When I arrive, only two people are inside. One is Mrs.Lockland, the most devout member of First Covenant. She has been coming here longer than I have and prays every day. I still don’t know what for.
Pastor Doug is also here. He is on the phone, talking to someone about the door to his office. It creaks, apparently. Doug waves at me as he ends the call.
“A pastor’s job is never done,” I say.
“That door has been driving me crazy.”
He is kind enough to ask how I am, how my hip is doing, and he even asks about Archie. All of this takes a good ten minutes before he gets around to asking why I have shown up at church on a Friday morning.
“A little bird whispered in my ear and said an old friend was in here looking for me,” I say.
“Is that right?”
“That’s what I heard. Do you remember talking to Norma?”
“Of course I do! She mentioned you two knew each other.” Doug smiles wide, looking genuinely pleased.
“I haven’t seen her in a long time. Honestly, I didn’t even realize she was in Baycliff!” I am careful about my words, avoiding saying she returned to Baycliff or was still in town. Wouldn’t want to contradict whatever this woman said. “Did she mention what she’s been up to?”
“No, she didn’t say anything about work or kids or anything. I got the feeling she hadn’t been here long.”
“No?”
“Well, she’s staying in a hotel, so…presumably she won’t be living there forever.”
“I should hope not. But I could get used to daily room service!”
“Me too. Especially when it’s at the Harmony.”
The Harmony Hotel. Thank you, Pastor Doug.
I do feel a little bit bad about lying to him, especially inside the church, but I suppose people have done worse things in a house of worship.
The Harmony Hotel is in the old part of Baycliff. It’s always been a nice place with a decent restaurant. Archie and Stephanie used to stay there when they came to visit.
On my way over, I stop at the post office to mail Noah’s birthday package. The video game is wrapped. So is his gift card. And I included a plastic container of homemade chocolate chip cookies. I made twice as many as I needed. That’s not going to help my blood sugar one bit.
I rarely go to the post office these days, but when I do, there’s always a line. With all the online options and home pickups, it surprises me. No matter what day or what time I show up, I always find myself standing in line. It does not make me nostalgic for the past.

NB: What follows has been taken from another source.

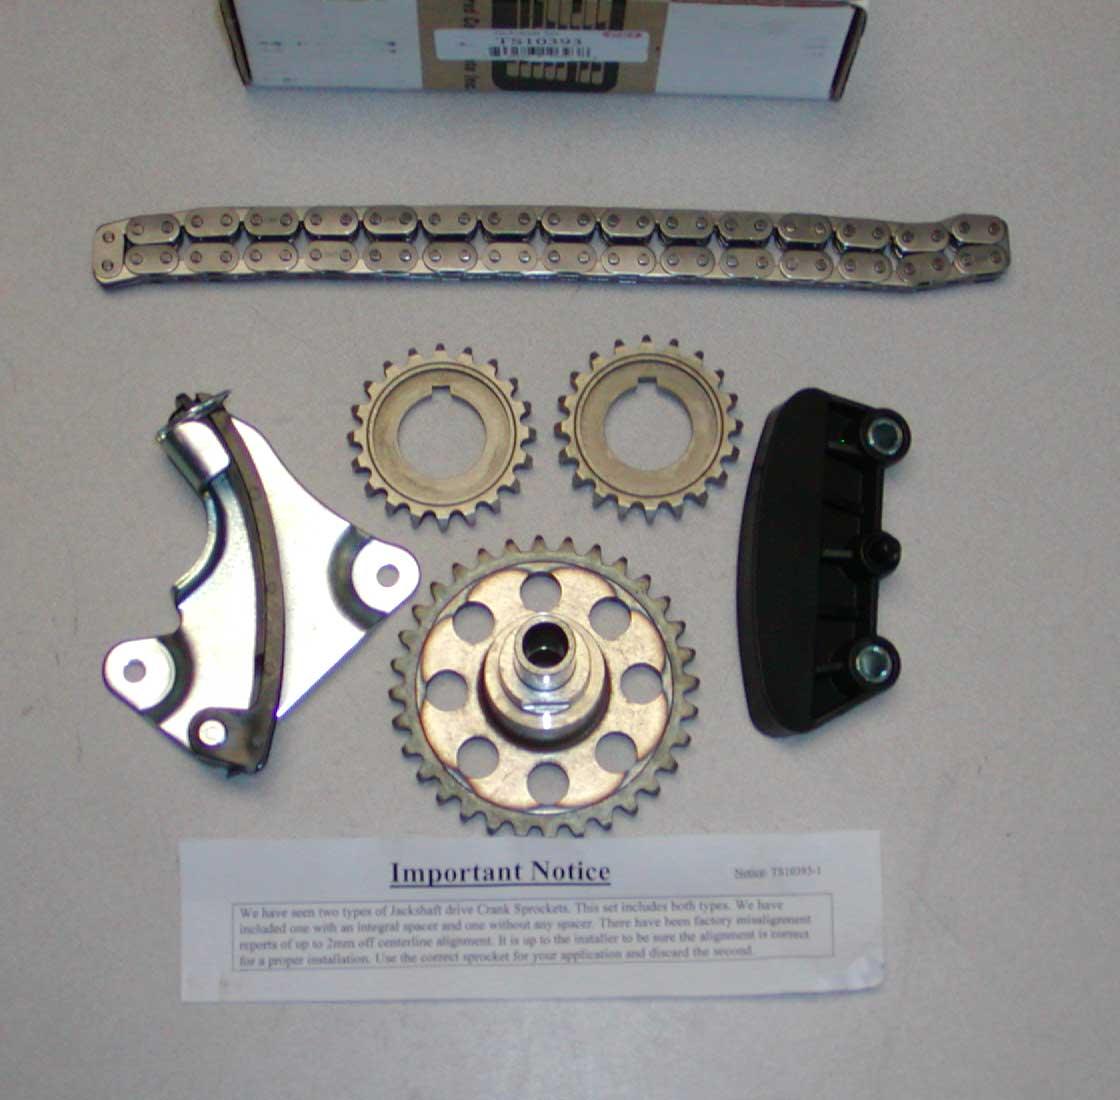 1997-2005 Ford Explorer Ranger 4.0 Timing Chain Set

Next, the Harmony Hotel. The parking lot is less than half full. I sit and watch for a few minutes, getting a feel for the place before heading inside.

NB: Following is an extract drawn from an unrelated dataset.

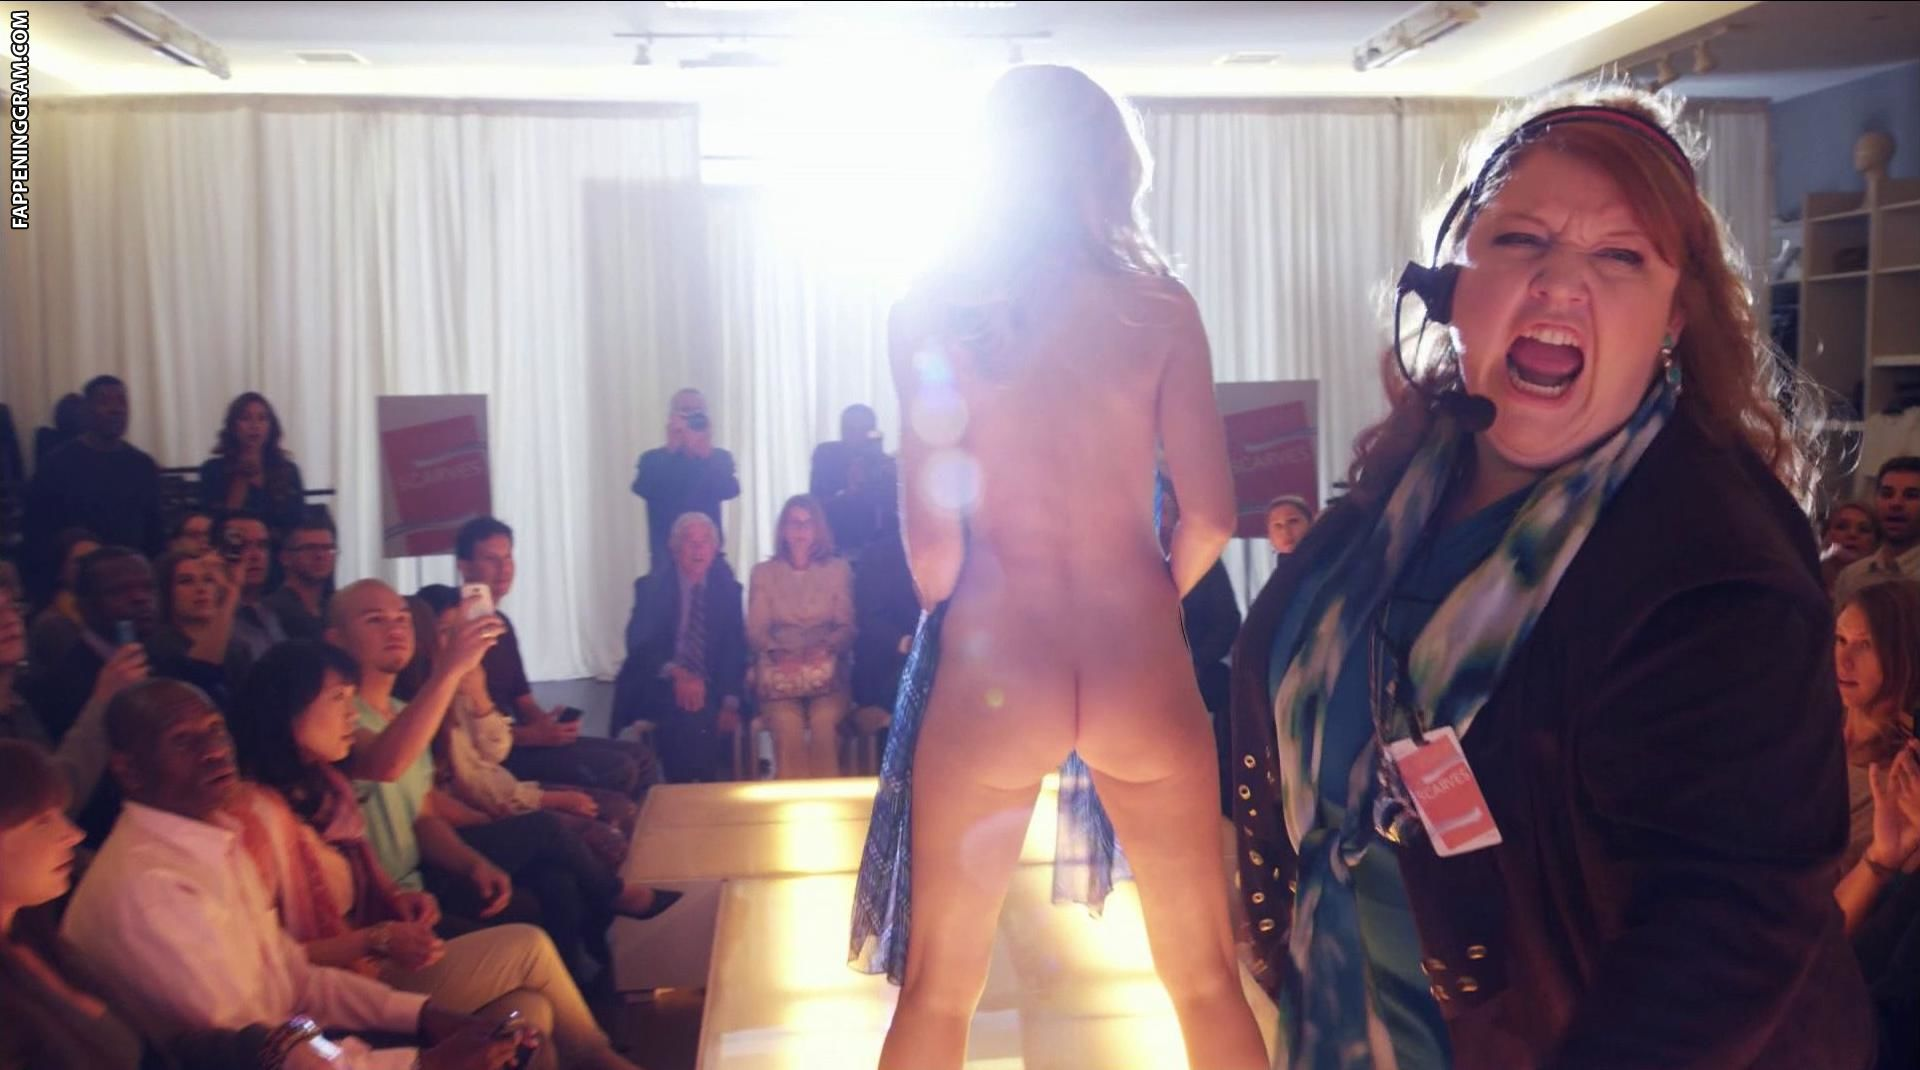 Leslie Bibbs Naked In The League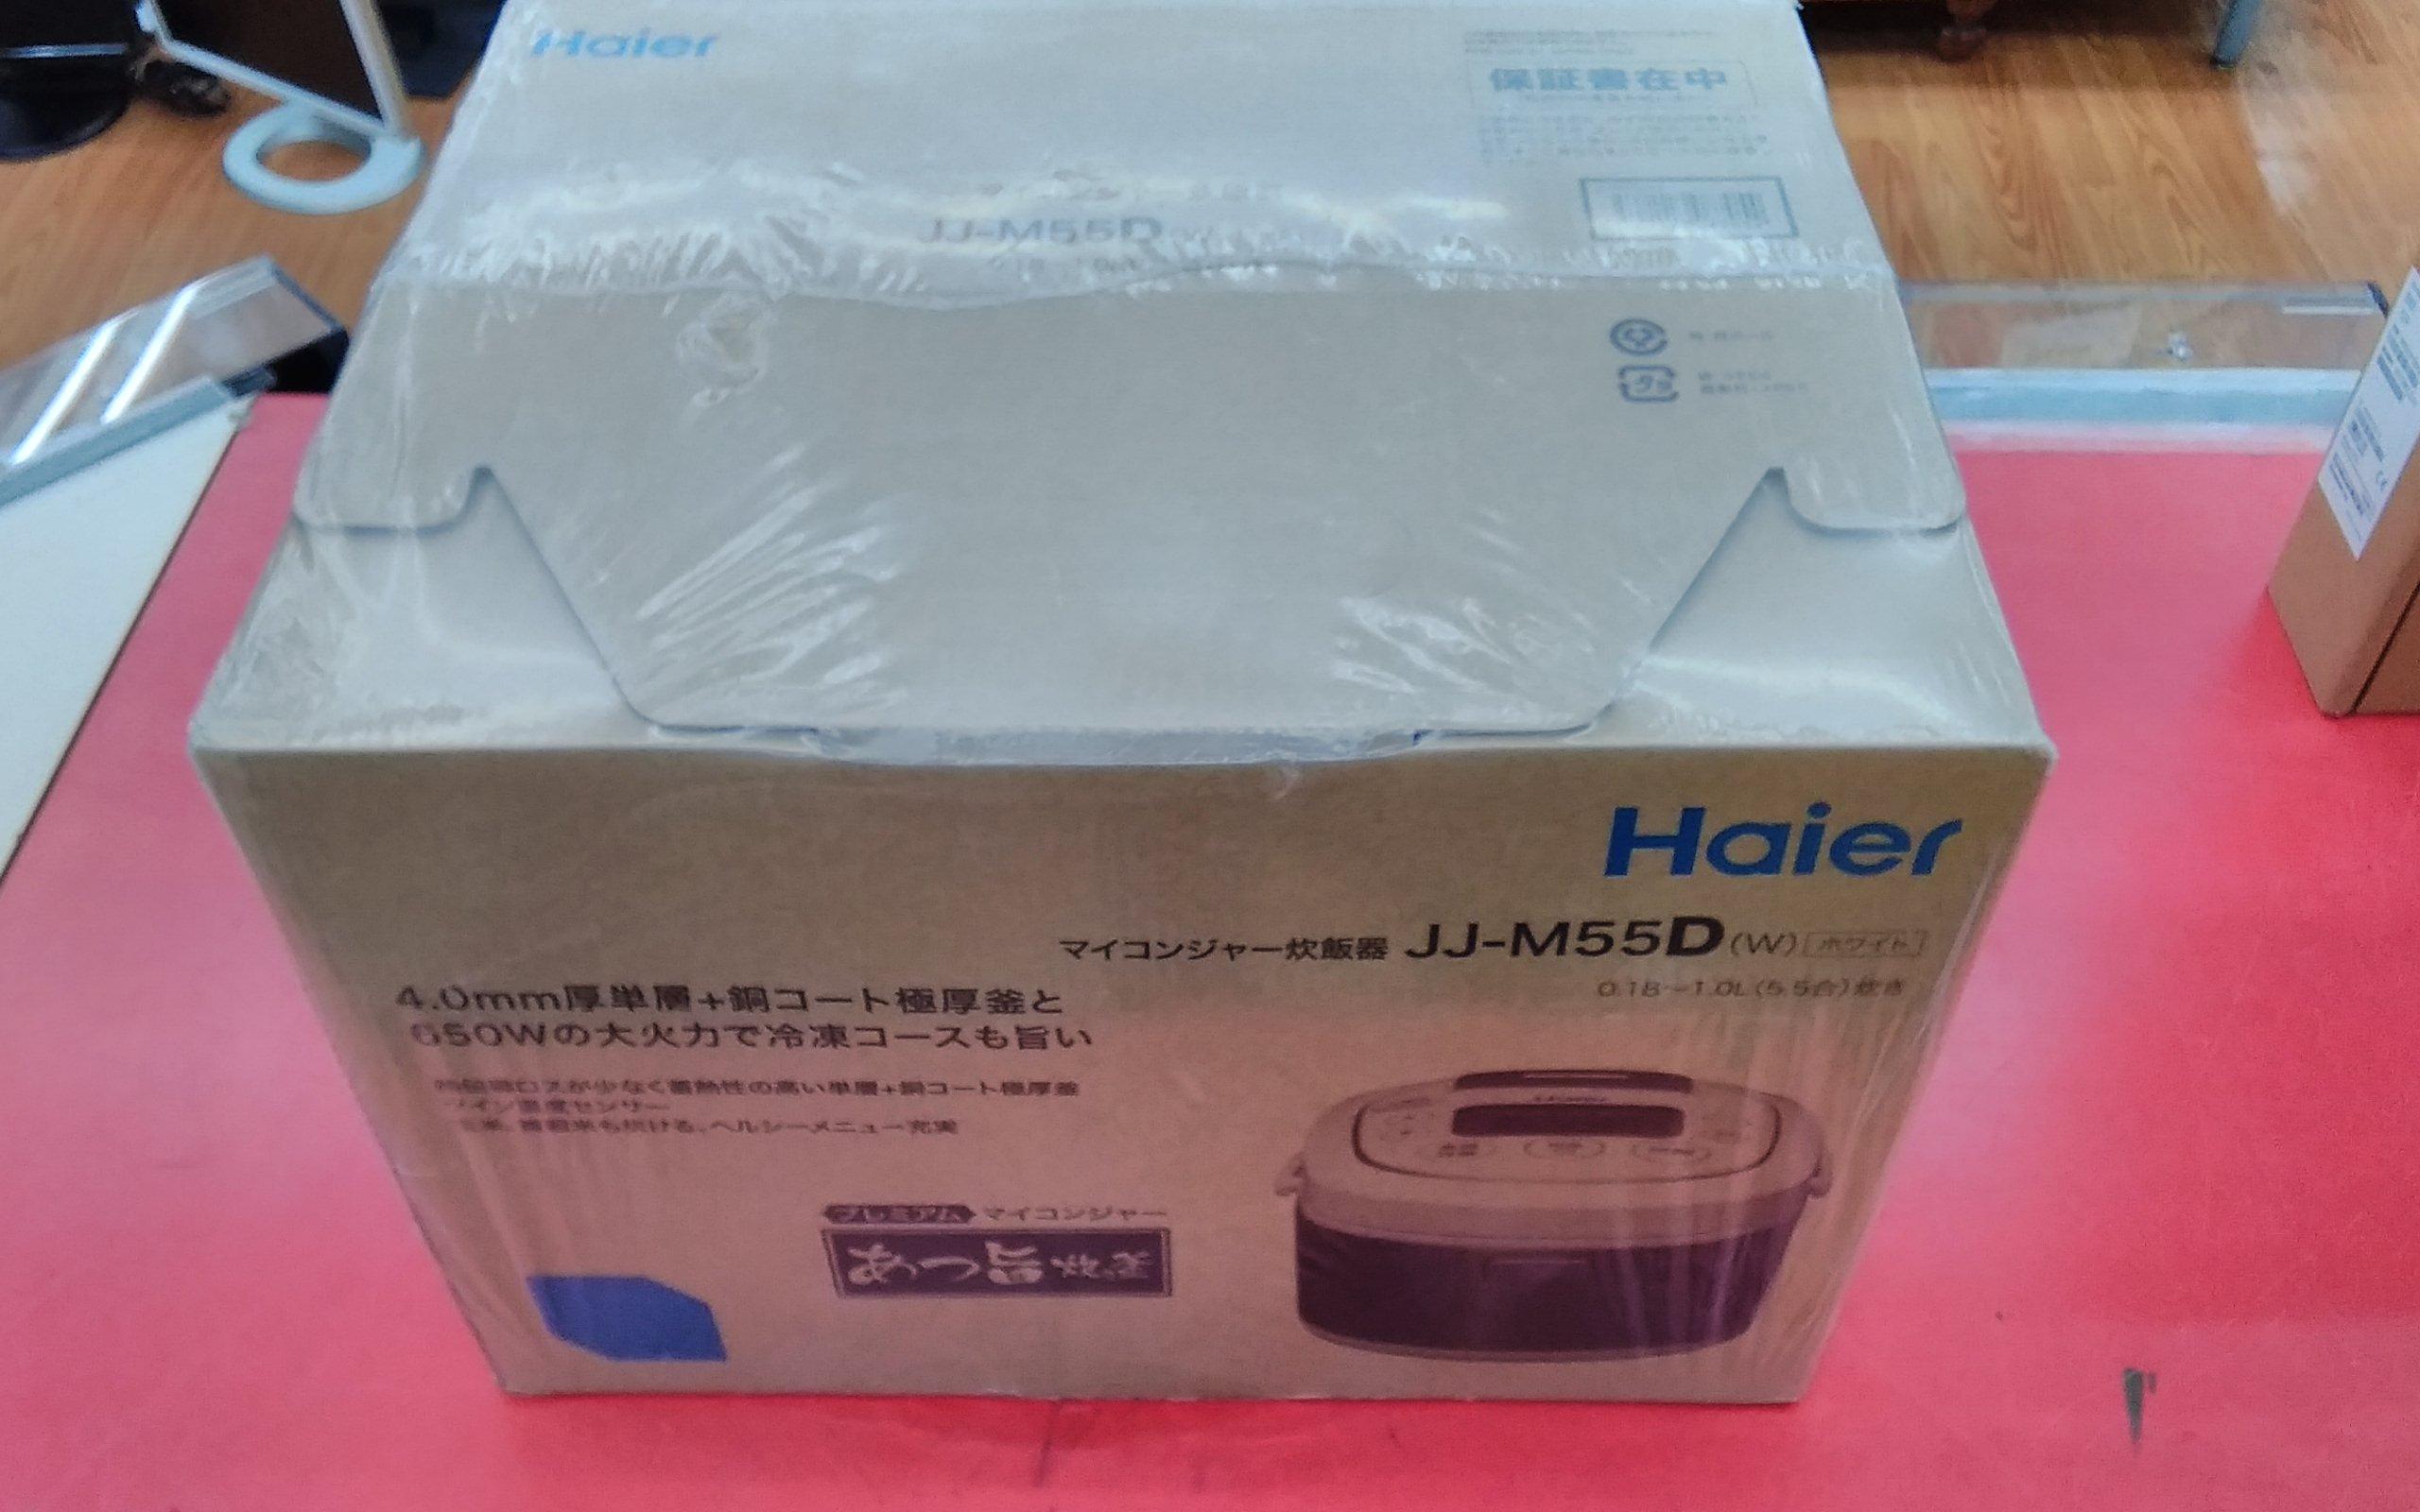 【未開封品】5.5合炊きマイコンジャー/JJ-M55D HAIER

There’s still a bar right off the lobby. I get a mocktail, plant myself on a couch in the lobby, and read one of their magazines.
Forty-five minutes later, only two people have walked in. Neither resembles Sheila’s description of Norma. If I stay much longer, either the front desk clerk or the bartender is going to start asking questions. I was hoping for some luck, but it didn’t show up today.
Back to my car, where I wait. This time it’s a real stakeout. I don’t know if Norma is in the hotel or will be returning to it, but I watch the door to try and find out. I last an hour and a half before giving up, at least for now, and heading home.
I don’t notice the silver car until it’s too late. It pulls into the driveway behind me. A woman is behind the wheel.
I get out of my car and stand up, ready to face Norma. Sheila described her perfectly.
She is around fifty. Her wavy brown hair is like a cap that frames her head. She has small eyes, or maybe her round face makes them look that way. Her clothes are dark and shapeless, and her shoes have thick rubber soles.
“Lottie? Are you Lottie Jones?”
Her voice is deep and gruff, just as Sheila described. Whiskey and smoke with a hint of a Southern accent.
She is about ten feet away and makes no attempt to move closer, but this still feels threatening. This woman has been asking around, claiming to know me, and I don’t know why.
“Who are you?” I say.
“My name is Norma Dixon. I’m Plum’s mother.”